The article goes on to list additional topics of studies included in the compendium, at least one of which was also conducted by the same team of authors as the migraine study. EID has actually analyzed the data of this team’s last three health studies, though, and in each one data show that areas with no drilling have much higher levels of symptoms than areas with shale development – contrary to the researchers’ claims of a link between development and health impacts.
In the study on premature birth that StateImpact mentions by topic, the researchers claim living closer to shale wells increases the risk of premature birth. But 11 percent of women had premature deliveries in the area closest to shale wells, which according to the Centers for Disease Control and Prevention, is on par with the national average of roughly 1 in every 9 babies being born prematurely – or about 11 percent of babies.
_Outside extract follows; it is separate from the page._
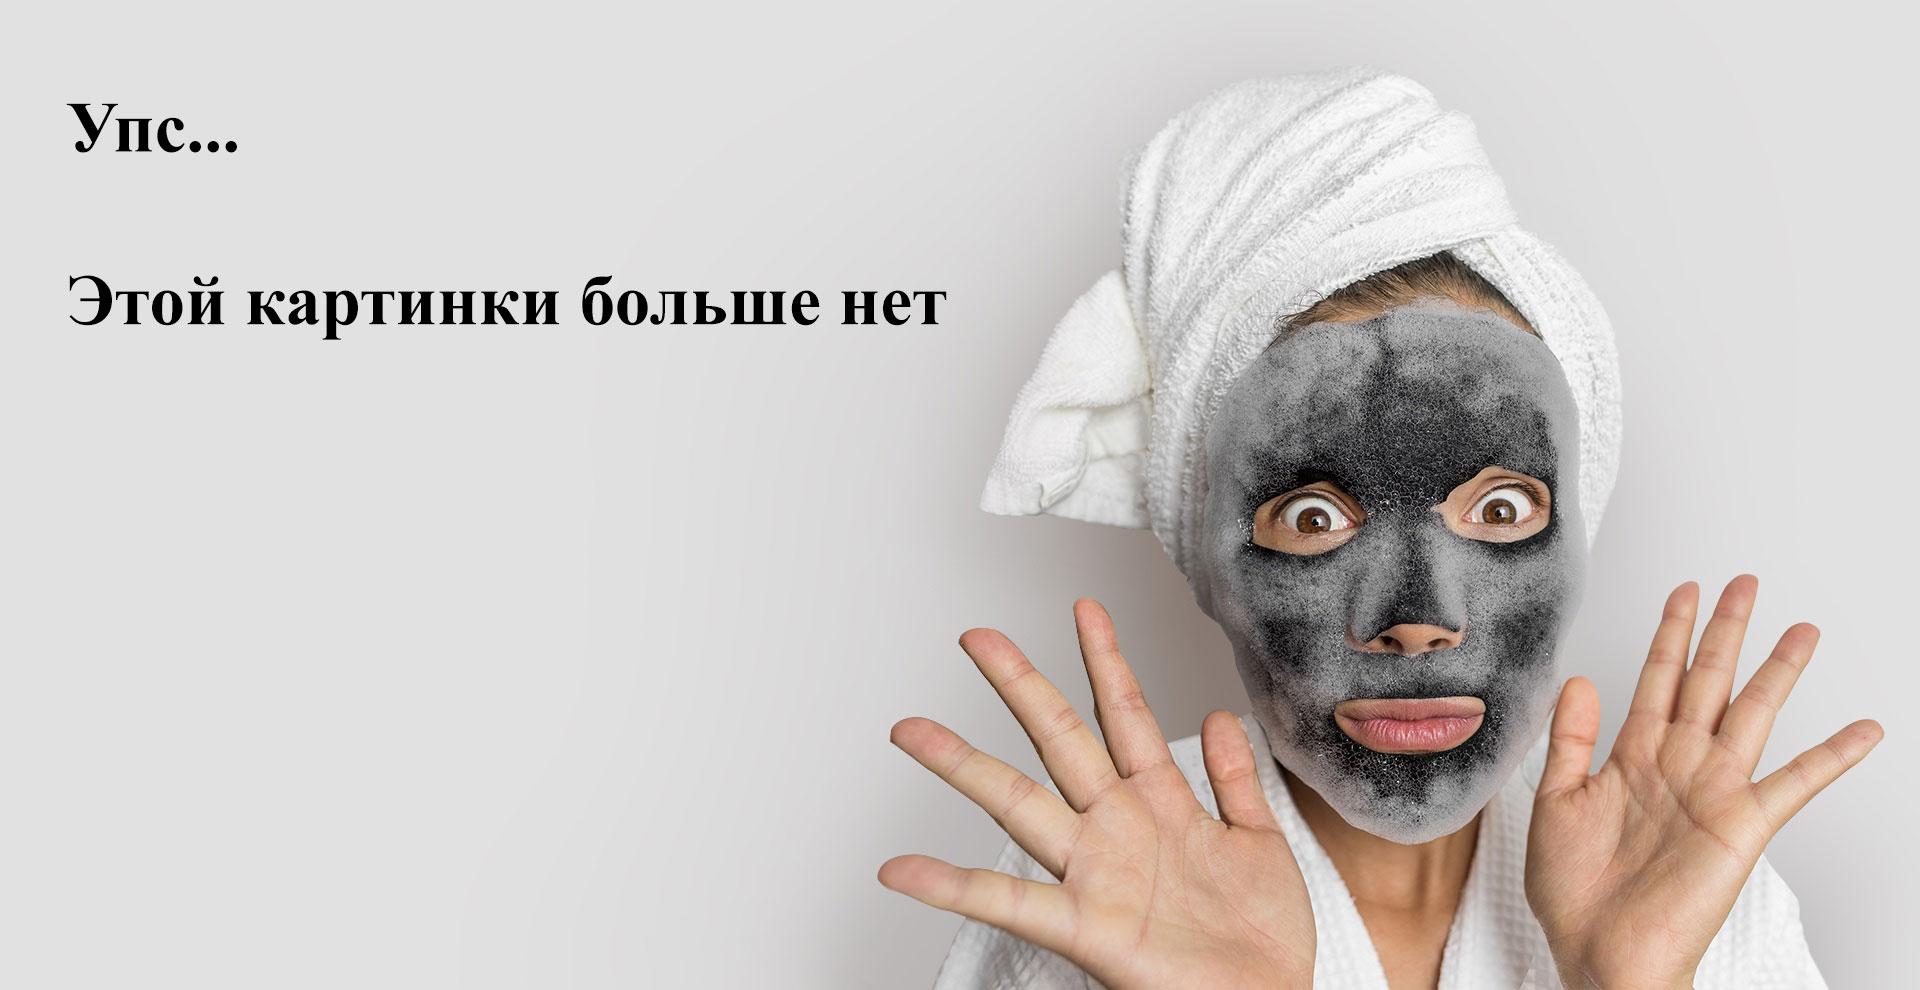 Enough, Тональный крем Ultra X10 Cover Up Collagen №21, SPF 50+, 100 мл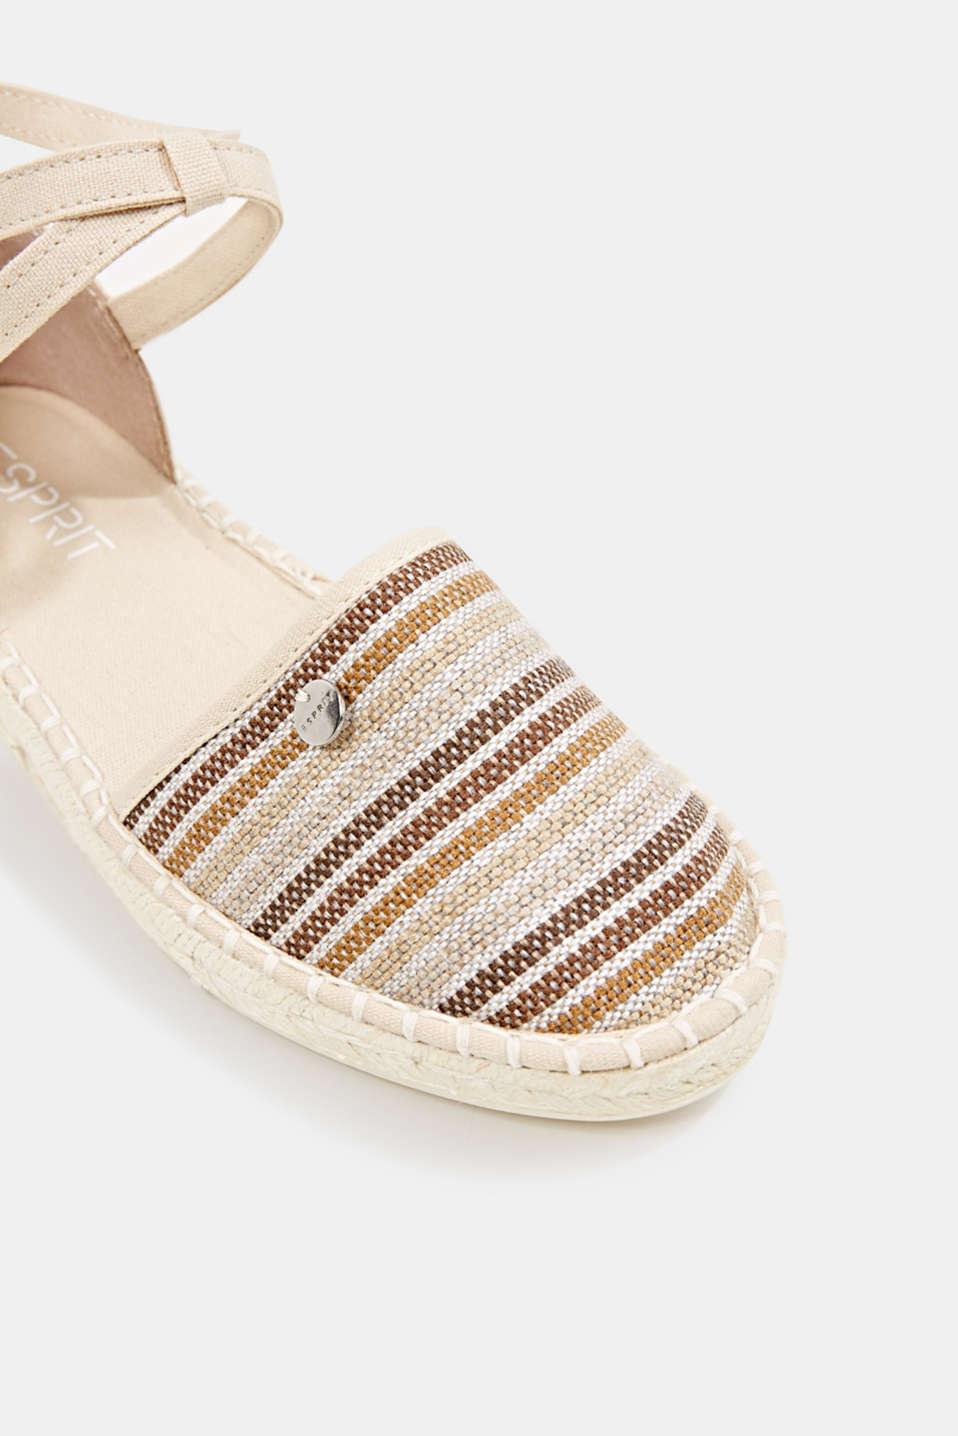 Espadrille sandals with stripes, CREAM BEIGE, detail image number 4

This means the rates near wells were not elevated at all, as the researchers tried to suggest.
Finally, while the researchers’ asthma study is not specifically mentioned in the article, it is included in the compendium and worth mentioning.
That study is contradicted by Pennsylvania Department of Health data, which show that heavily drilled counties have far lower rates of asthma hospitalizations than counties that have no shale production at all.
The Department of Health data also show asthma hospitalizations declined by 26 percent from 2009 to 2013, when natural gas production in the state soared.
And this is only a snapshot of the types of studies included in the compendium.
The background of researchers conducting or analyzing studies is equally as important as what they claim to find. And it’s the media’s responsibility to make sure the public has that information on hand—otherwise the average person isn’t getting a complete picture.